On June 22, 1864, Union forces attempt to capture a railroad that had been supplying Petersburg, Virginia, from the south, and extend their lines to the Appomattox River. The Confederates thwarted the attempt, and the two sides settled into trenches for a nine-month siege.
The struggle for Petersburg began on June 15. Union General Ulysses S. Grant had spent six weeks fighting his way around Richmond, Virginia. His adversary, General Robert E. Lee, commander of the Army of Northern Virginia, had inflicted tremendous casualties on the Army of the Potomac. Most recently, at Cold Harbor, Grant ordered a disastrous attack on Rebel entrenchments and lost 7,000 men. Afterward, Grant swung south to capture the rail center of Petersburg, 23 miles from Richmond.
When the troops arrived, they found the Confederates already digging trenches. For four days, Grant tried to break through the lines. On June 18, Union losses were particularly heavy. After pausing to reconsider his tactics, Grant refrained from further frontal assaults.

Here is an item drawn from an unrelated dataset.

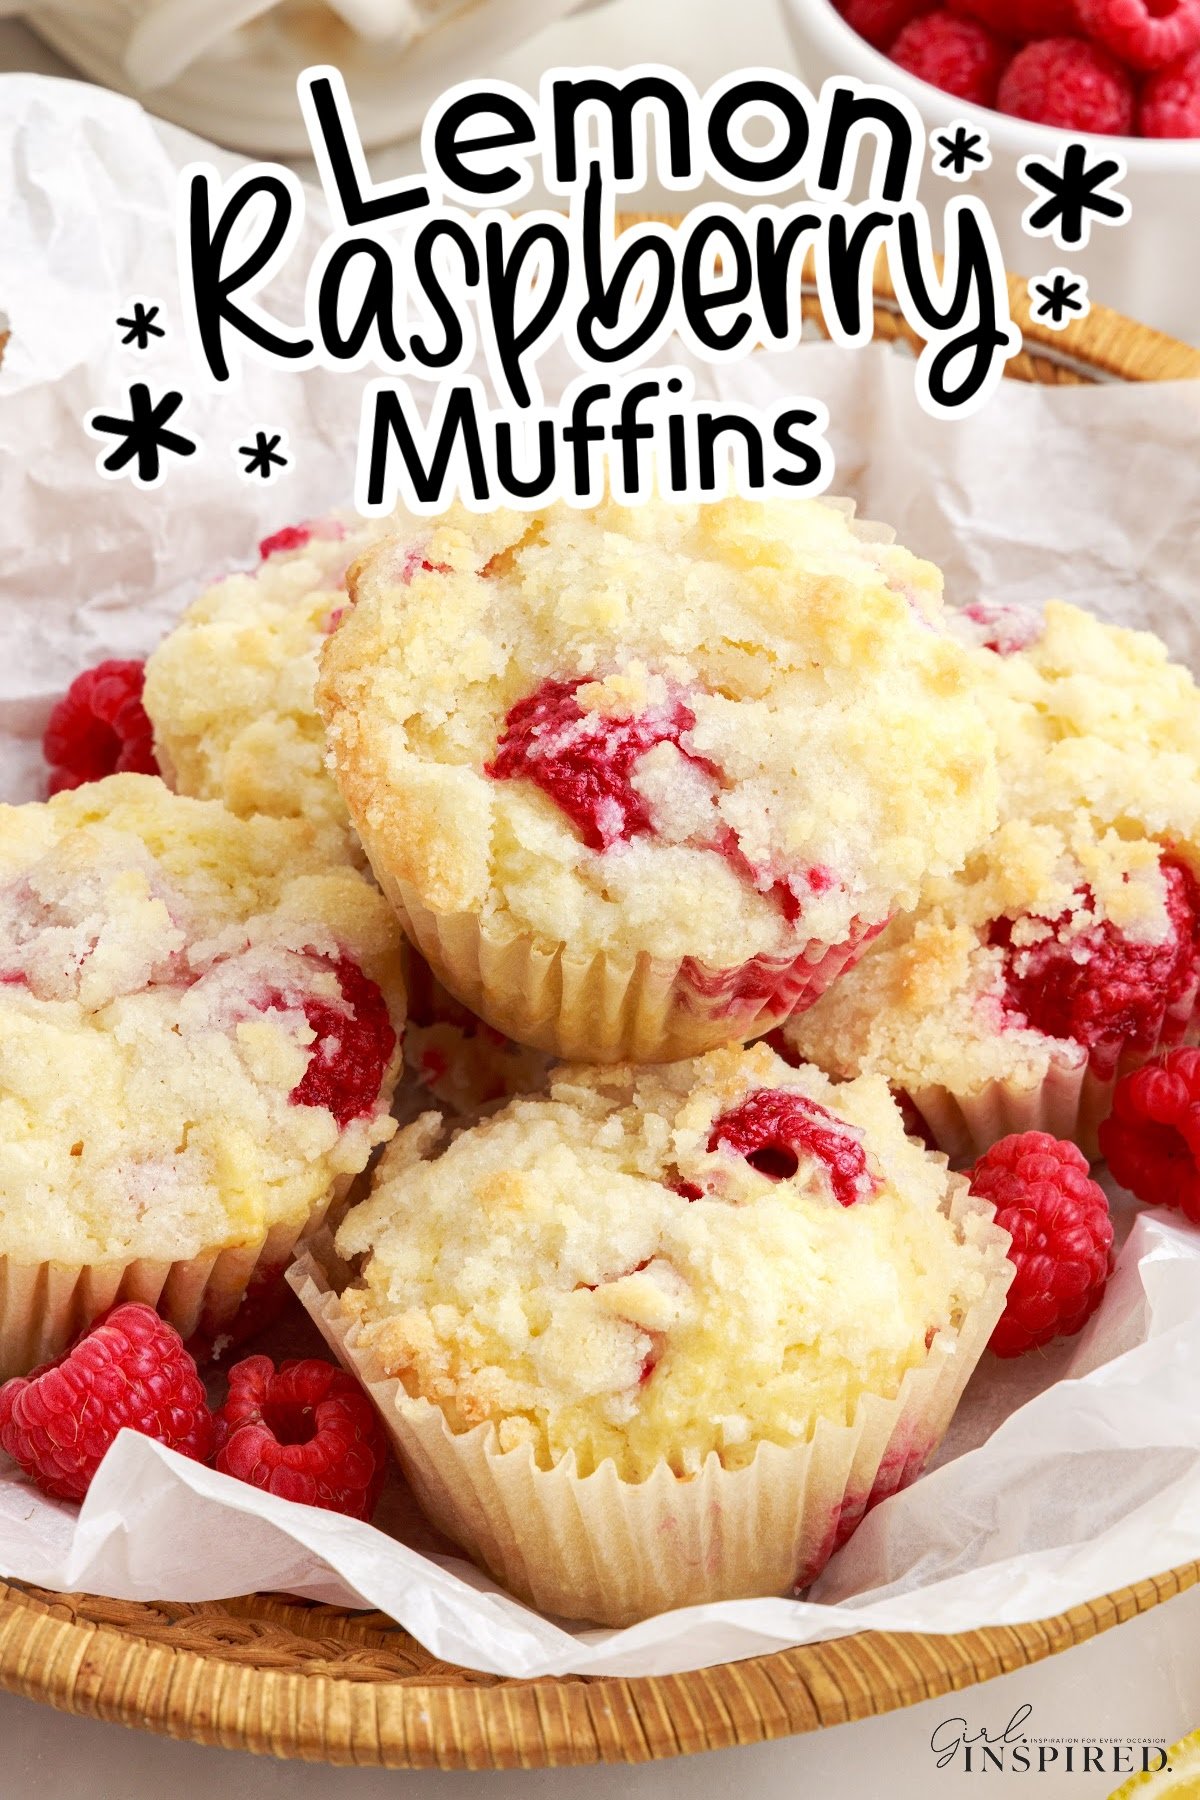 Pile of lemon raspberry muffins in a bread basket with text title overlay.

Instead, Grant resumed the flanking movements he had followed throughout the campaign. He extended his left flank on June 21 to cut off the Weldon Railroad, which supplied Petersburg from the south. Part of the Union Second and Sixth Corps moved past the Jerusalem Plank Road, where they ran into Ambrose Powell Hill’s Confederates. Hill’s troops rolled up on the Union flank, inflicting nearly 3,000 casualties and capturing 1,700 prisoners. Hill provided breathing room for Lee’s army, and the armies settled in for a long siege.